OCaml — Reference

Source: https://ocaml.org/docs

OCaml

  • Created: 1996 by Xavier Leroy, Jérôme Vouillon, Damien Doligez, Didier Rémy, and Ascánder Suárez at INRIA. Descends from Caml (1985), itself from ML (Robin Milner, late 1970s) (Wikipedia).
  • Latest stable: OCaml 5.4.1 (ocaml.org/docs).
  • OCaml 5.0: 2022 — multicore runtime (effect handlers + parallel domains), removed the global GC lock.
  • Owner: OCaml team at Inria; OCaml Software Foundation (OCSF, since 2018) provides governance and funding. License: LGPL 2.1 with linking exception (compiler under specific terms; libraries effectively permissive).
  • Paradigms: functional (primary), imperative, object-oriented, modular.
  • Typing: static, strong, Hindley-Milner type inference (you almost never write a type), parametric polymorphism, GADTs, polymorphic variants, structurally-typed objects, modules + functors as a higher-order type system.
  • Memory: tracing, generational, incremental garbage collector.

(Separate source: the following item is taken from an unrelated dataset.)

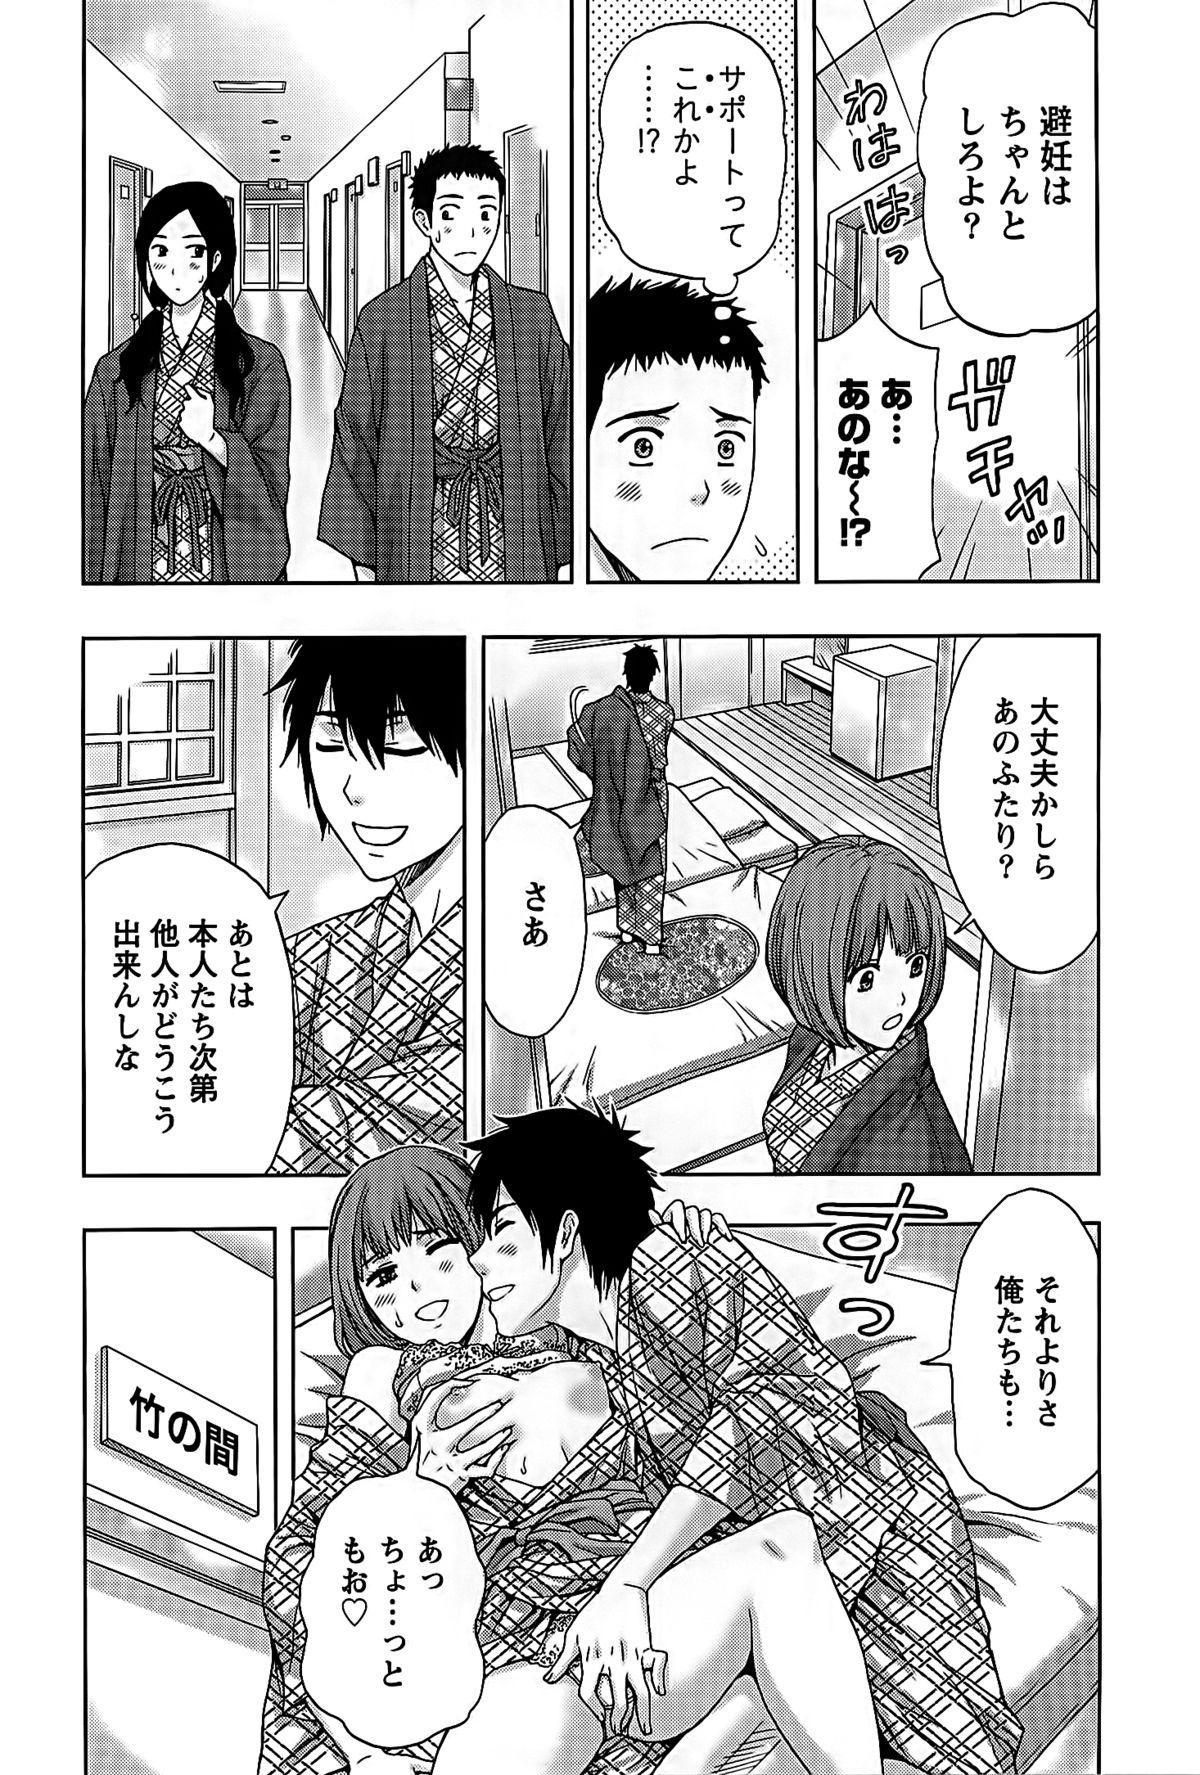 Shittori Lady to Amai Mitsu 156

Multicore (OCaml 5+): parallel minor + major collectors, per-domain minor heap.
  • Compilation: ocamlc produces bytecode (portable, fast startup), ocamlopt produces native code (fast, optimized via Flambda/Flambda2). js_of_ocaml and melange target JavaScript.
  • Primary domains: compilers (Hack, Flow, ReScript, Coq, F*), formal methods, financial systems (Jane Street), static analysis (Infer), language tooling.
  • Official docs: https://ocaml.org/docs and https://v2.ocaml.org/manual/

At a glance

OCaml is the most production-deployed ML-family language. Hindley-Milner inference catches astonishing numbers of bugs at compile time without annotation noise; the module system (with functors — modules parameterized by other modules) is its most distinctive feature, used as a structural mechanism for code reuse and dependency injection beyond what most languages offer. OCaml 5 added effect handlers and shared-memory parallelism — a major capability shift after 25 years of single-domain-only execution. Jane Street’s open-source contributions (Base, Core, Async, ppxes) define modern OCaml style.

Getting started

Install: use opam (the package manager and compiler installer):

# Linux/macOS
bash -c "sh <(curl -fsSL https://opam.ocaml.org/install.sh)"
opam init        # bootstraps a switch
opam switch create 5.4.1
eval $(opam env)

Or brew install opam, apt install opam. Windows: native opam supported since opam 2.2 (no more cygwin/wsl required).

Hello world (hello.ml):

let () = print_endline "Hello, world!"

Compile + run: ocaml hello.ml (script-style interpreter), or ocamlfind ocamlopt -package str -linkpkg hello.ml -o hello && ./hello. With dune (the modern way): dune exec ./hello.exe.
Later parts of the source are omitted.